Conversely, a pediatric patient may have a higher rise in temperature with a less serious medical condition. Yet, not all pediatric patients with osteomyelitis will have an elevated temperature. In one study, only 32 % of the pediatric patients presented with oral temperatures greater than 37.5 °C. All had confirmed cultured osteomyelitis of the lower extremity, but not all had elevated temperatures [21]. The type of organism may also influence body temperature. Ju et al. demonstrated that temperature appeared to be more elevated in those infected with MRSA vs MSSA, the difference being 38.8 °C and 37.2 °C, respectively [22]. When considering the pediatric and hematogenous group, the incidence of fever is also not an appropriate sole predictor for osteomyelitis.
Although fever is not a specific indicator of osteomyelitis, IDSA guidelines state that a temperature of >38 °C demonstrates a serious lower extremity infection with associate systemic inflammatory response and requires appropriate efficient treatment [19]. In the circumstance of an elevated temperature, the patient may have concomitant osteomyelitis, but this could be determined only in the appropriate clinical setting with adjuvant diagnostic criteria matching.
Clinical Signs and Symptoms
When considering clinical signs, the presence of inflammation, erythema, edema, and purulence does not independently determine the diagnosis of osteomyelitis. IDSA guidelines, however, do provide the clinician with a validated method for grading the severity of a general infection (Table 2.2) [19]. Despite this validated instrument, classic signs and symptoms of infection may be absent or masked by the coexistence of previously discussed comorbidities including vascular disease, diabetes, and neuropathy. Other conditions such as Charcot neuroarthropathy and gout may appear clinically similar to a patient with osteomyelitis.
Table 2.2
Infectious disease society of America (IDSA) guidelines on clinical appearance of infection [19]

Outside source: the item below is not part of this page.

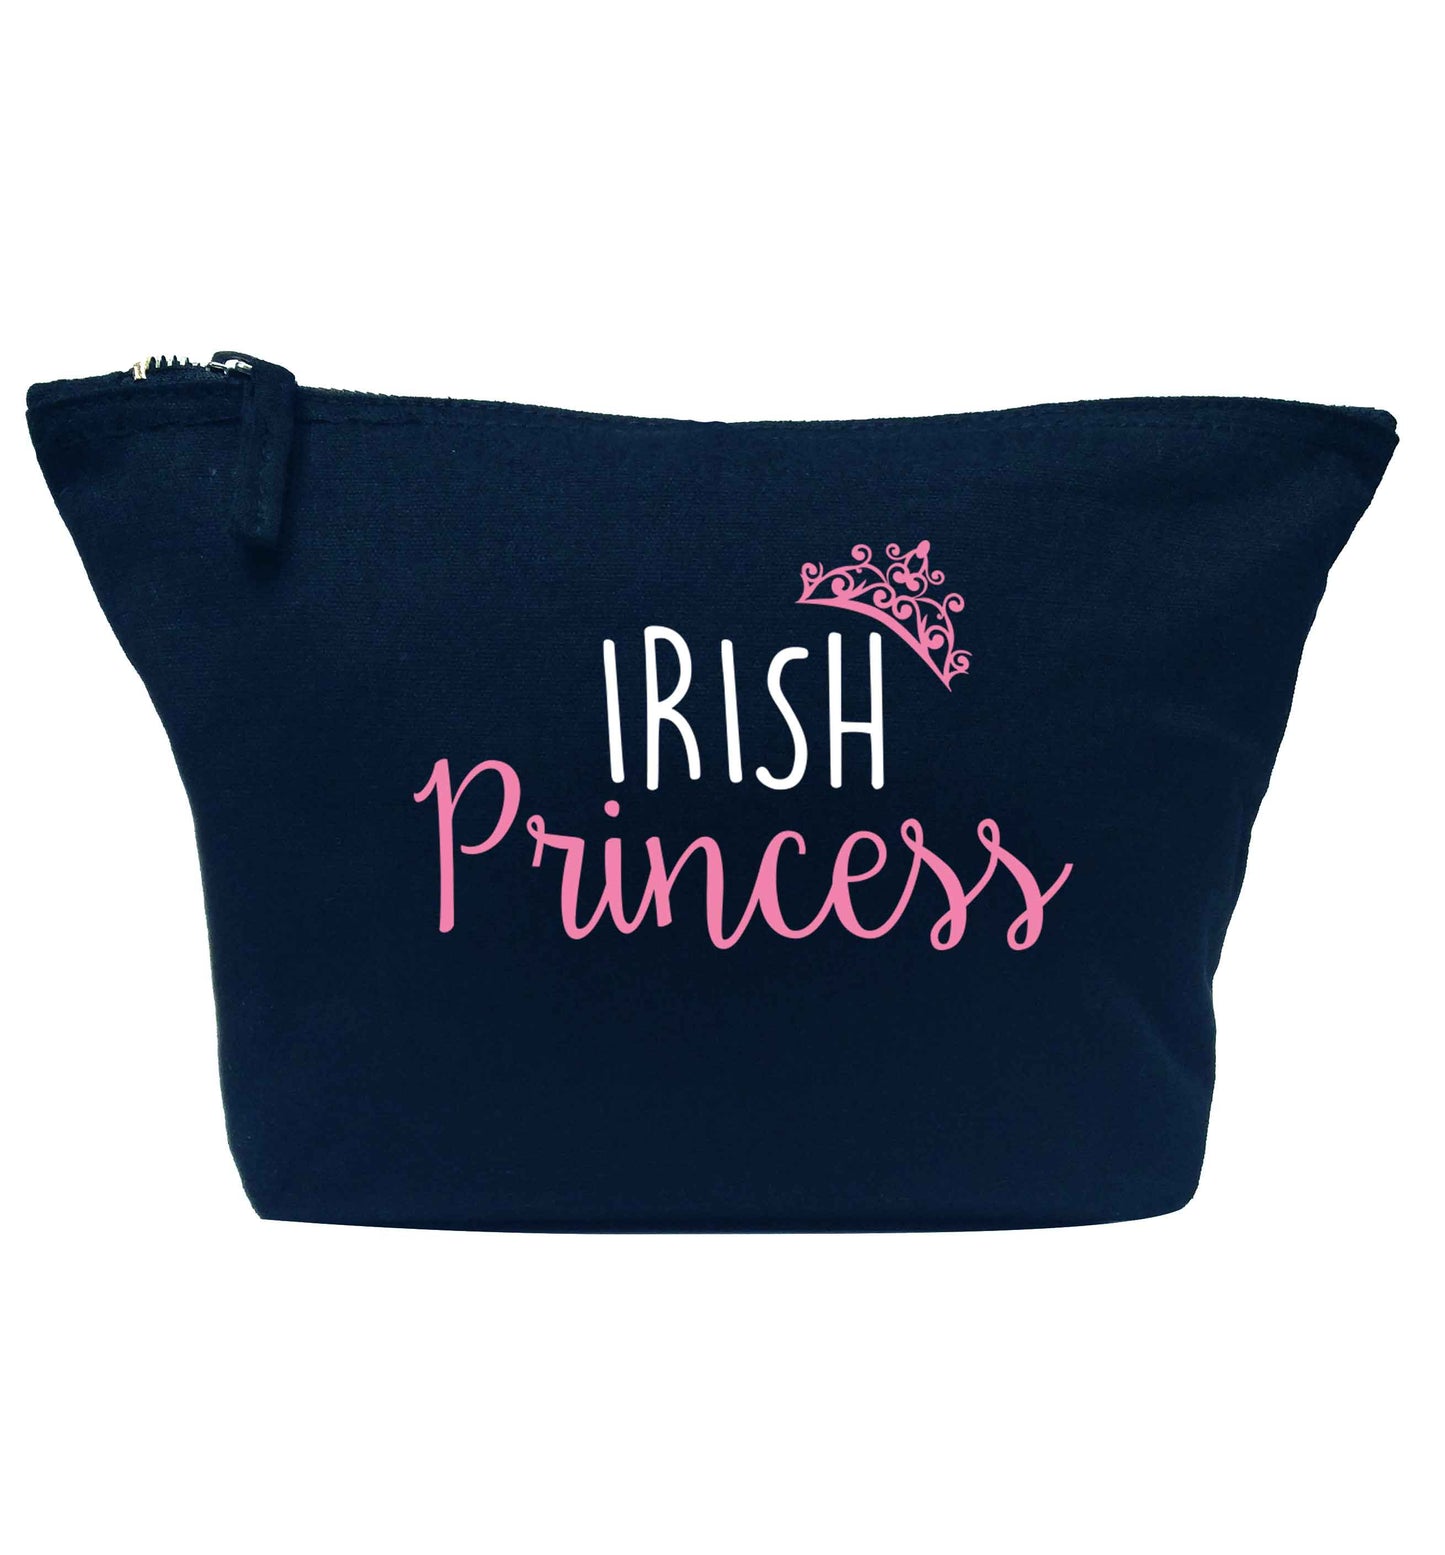 Irish princess navy makeup bag

IDSA Guidelines on clinical appearance of infection | Grade | IDSA infection severity |
---|---|---|
No signs of symptoms of infection | 1 | Uninfected |
Infection involving the skin and the subcutaneous tissue | 2 | Mild |
At least two of the following items are present | ||
1. Local swelling or induration | ||
2. Erythema >0.5–2 cm around the ulcer | ||
3. Local tenderness or pain | ||
4. Local warmth | ||
5. Purulent discharge (thick, opaque to white, or sanguineous secretion) | ||
Other causes of an inflammatory response of the skin are excluded (e.g., trauma, gout, acute Charcot neuro-osteoarthropathy, fracture, thrombosis, venous stasis) | ||
Erythema >2 cm plus 1 of the items described above (swelling, tenderness, warmth, discharge) or infection involving structures deeper than the skin and subcutaneous tissues such as abscess, osteomyelitis, septic arthritis, fasciitis | 3 | Moderate |
No systematic inflammatory response signs, as described below | ||
Any foot infection with the following signs of a systemic inflammatory response syndrome | 4 | Severe |
Two or more of the following conditions: | ||
1. Temperature >38 or <36 °C | ||
2. Heart rate >90 beats/min | ||
3. Respiratory rate >20 breaths/min or Pa CO2 <32 mmHG | ||
White blood cell count >12,000 or <4,000/mm3 or 10 % immature band forms |
Hematogenous osteomyelitis occurs predominantly in prepubertal children. Patients usually present within several days to 1 week after the onset of symptoms, and therefore most often present in the acute phase. Patients often present with local signs of infection, including erythema, edema, tenderness to the involved bone, decreased range of motion, and warmth to the specific area. In addition, patients often have signs of systemic illness, including fever, chills, pain, irritability, and lethargy. Common locations affected by hematogenous osteomyelitis include the metaphysis of long bones, particularly the tibia and femur. In adults, hematogenous osteomyelitis is rare; however, the most common site is the vertebral bodies, followed by long bones, pelvis, and clavicle [2, 12].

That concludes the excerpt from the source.